WHAT NEEDS TO BE DONE
In the material below, find the span from the line with "Cartier Panthere Bangle in 18K Yellow Gold" to the line with "Memory cell unit, nonvolatile" and transcribe only those lines, exactly, ends included, without the pictures.

INFORMATION
_____
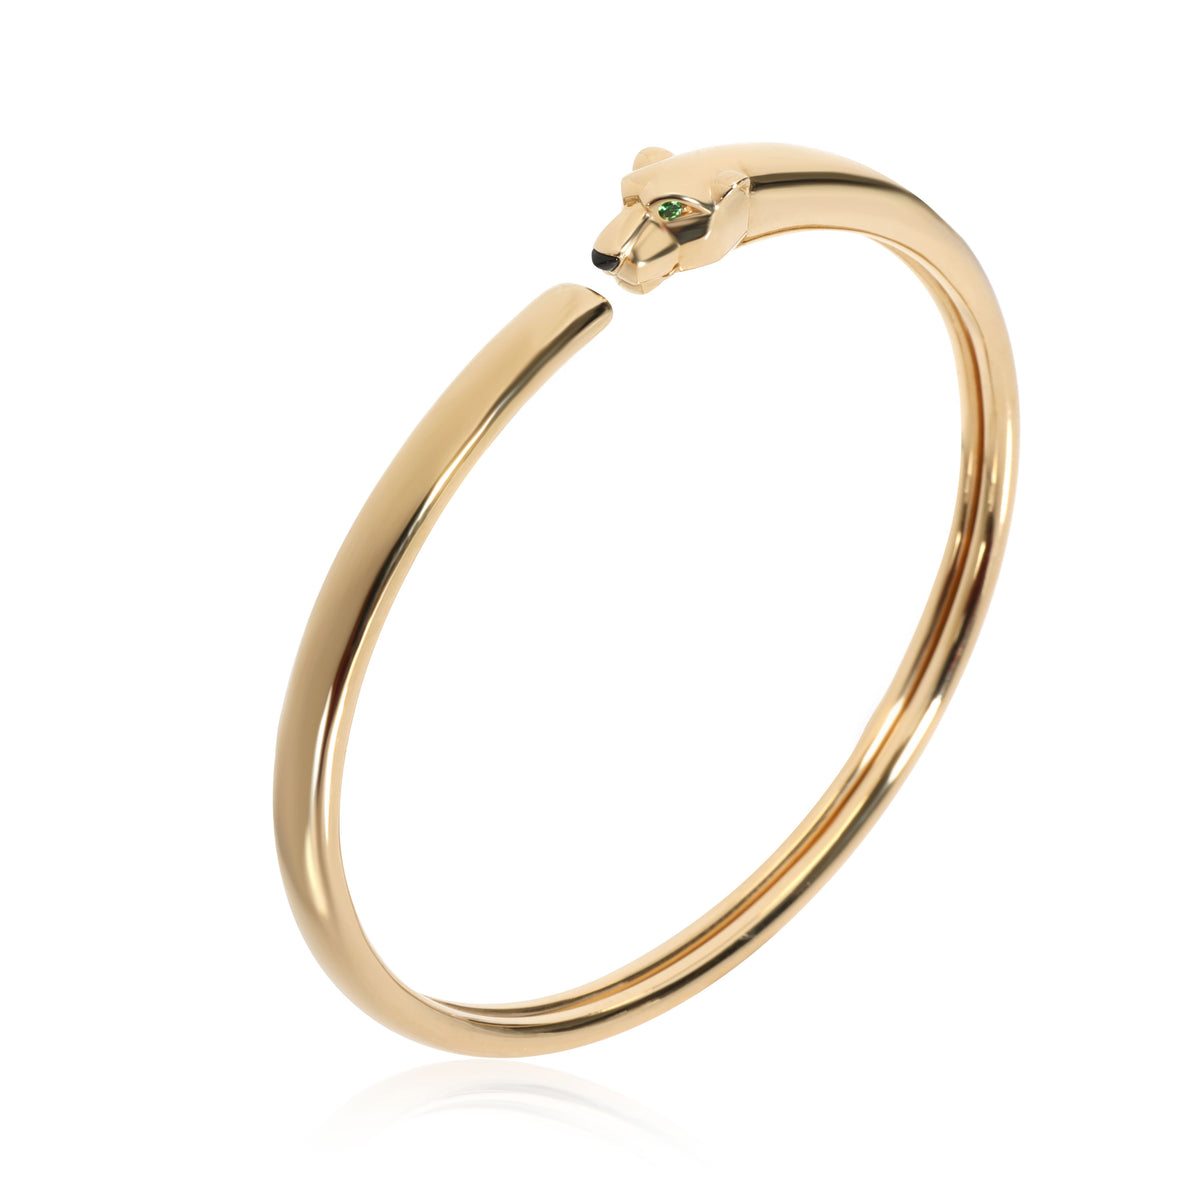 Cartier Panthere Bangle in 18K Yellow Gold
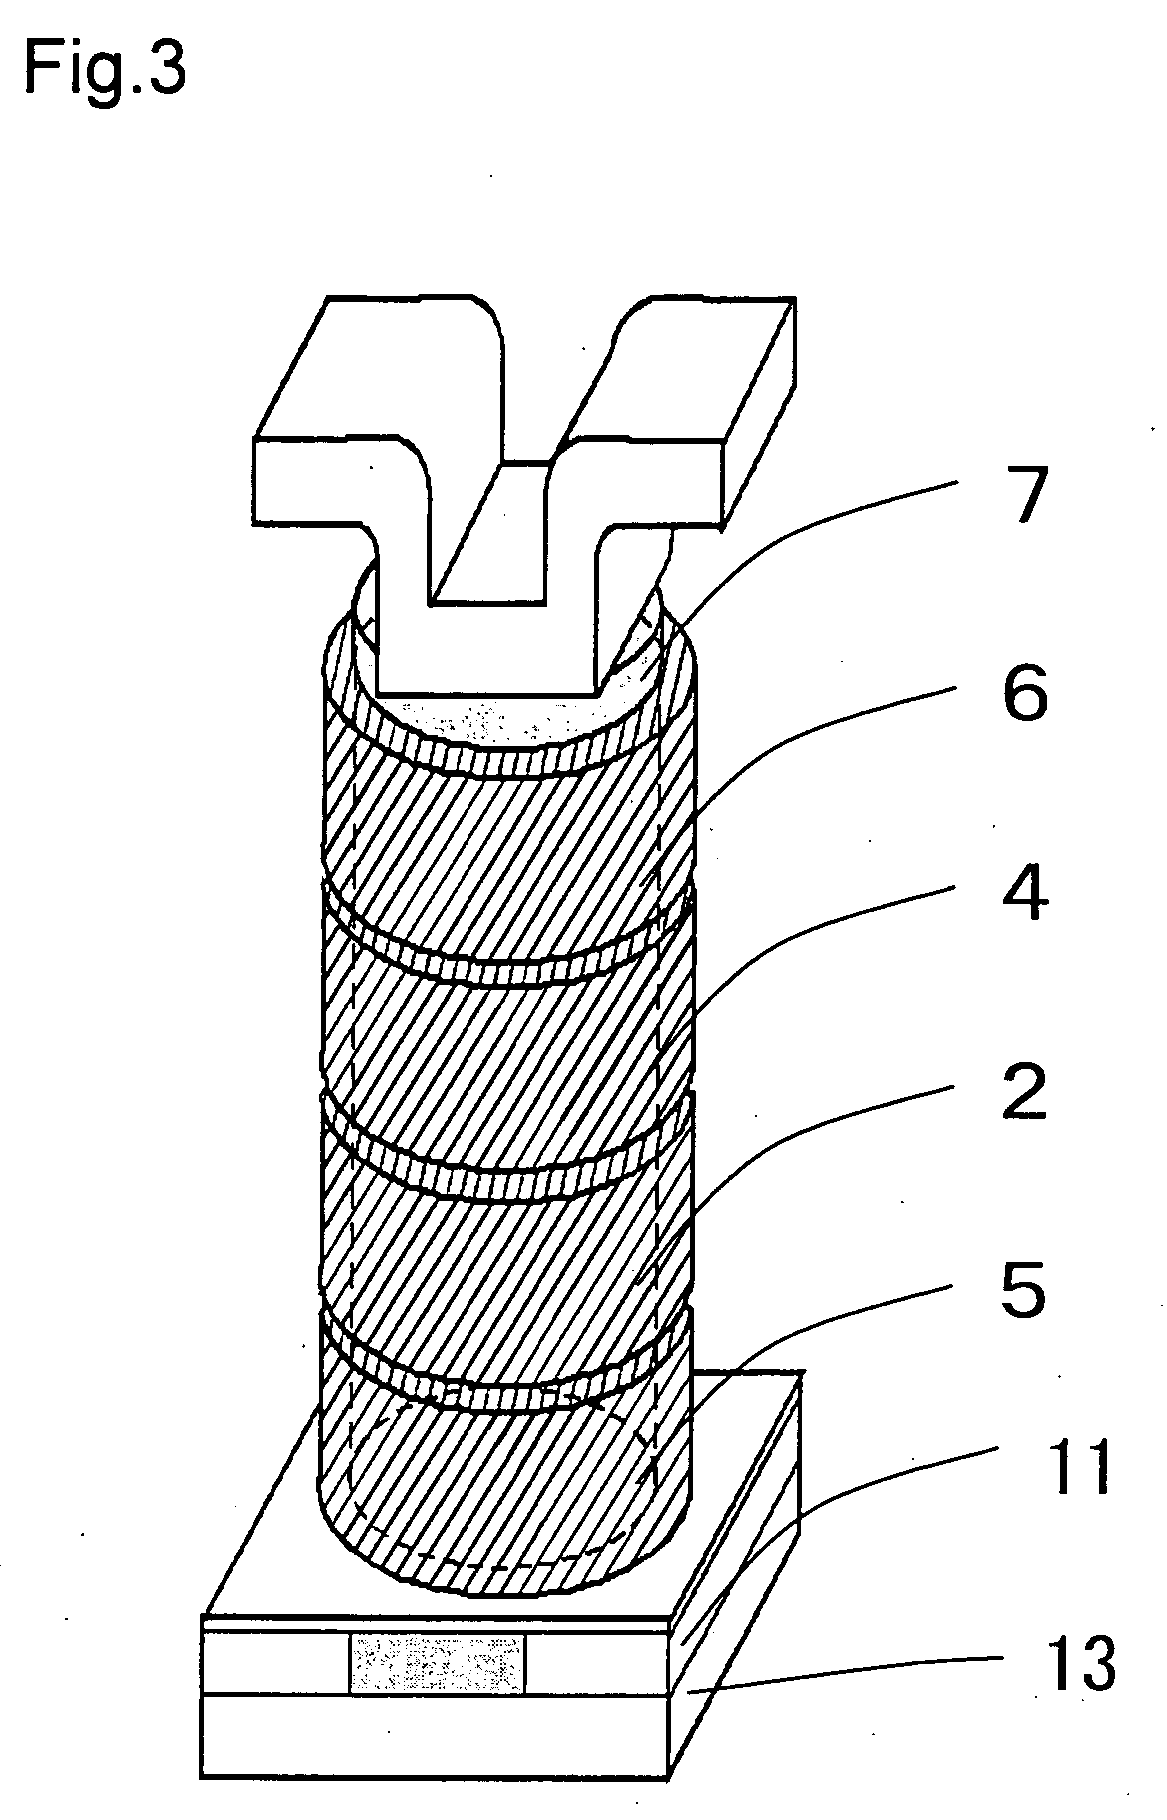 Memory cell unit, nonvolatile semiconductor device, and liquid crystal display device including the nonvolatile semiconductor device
_____
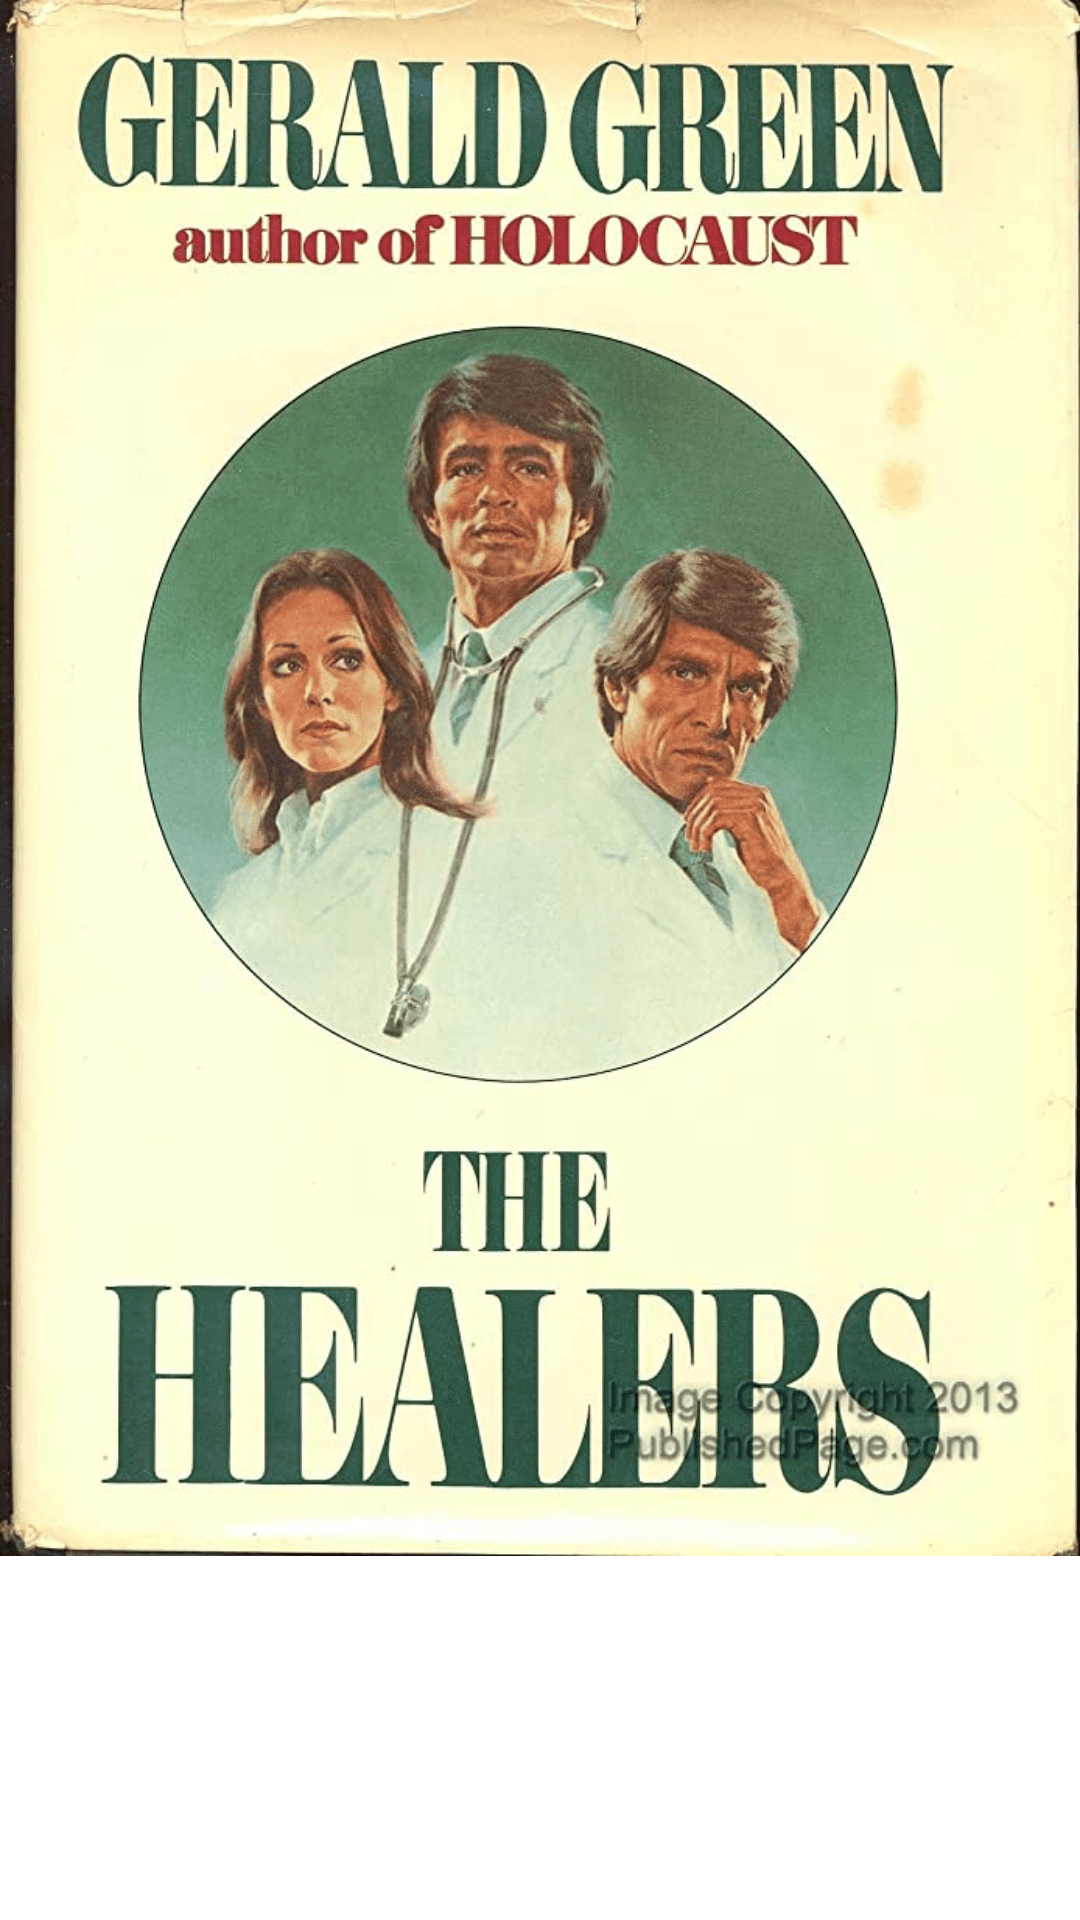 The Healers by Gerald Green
_____
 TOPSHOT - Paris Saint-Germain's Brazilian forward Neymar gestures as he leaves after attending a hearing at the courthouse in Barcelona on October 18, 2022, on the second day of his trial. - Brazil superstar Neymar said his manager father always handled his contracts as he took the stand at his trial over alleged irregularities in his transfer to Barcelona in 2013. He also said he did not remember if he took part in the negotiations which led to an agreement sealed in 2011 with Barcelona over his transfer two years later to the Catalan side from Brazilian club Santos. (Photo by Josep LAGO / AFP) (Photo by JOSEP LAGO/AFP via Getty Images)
_____
ANSWER BOX
 Cartier Panthere Bangle in 18K Yellow Gold
 Memory cell unit, nonvolatile semiconductor device, and liquid crystal display device including the nonvolatile semiconductor device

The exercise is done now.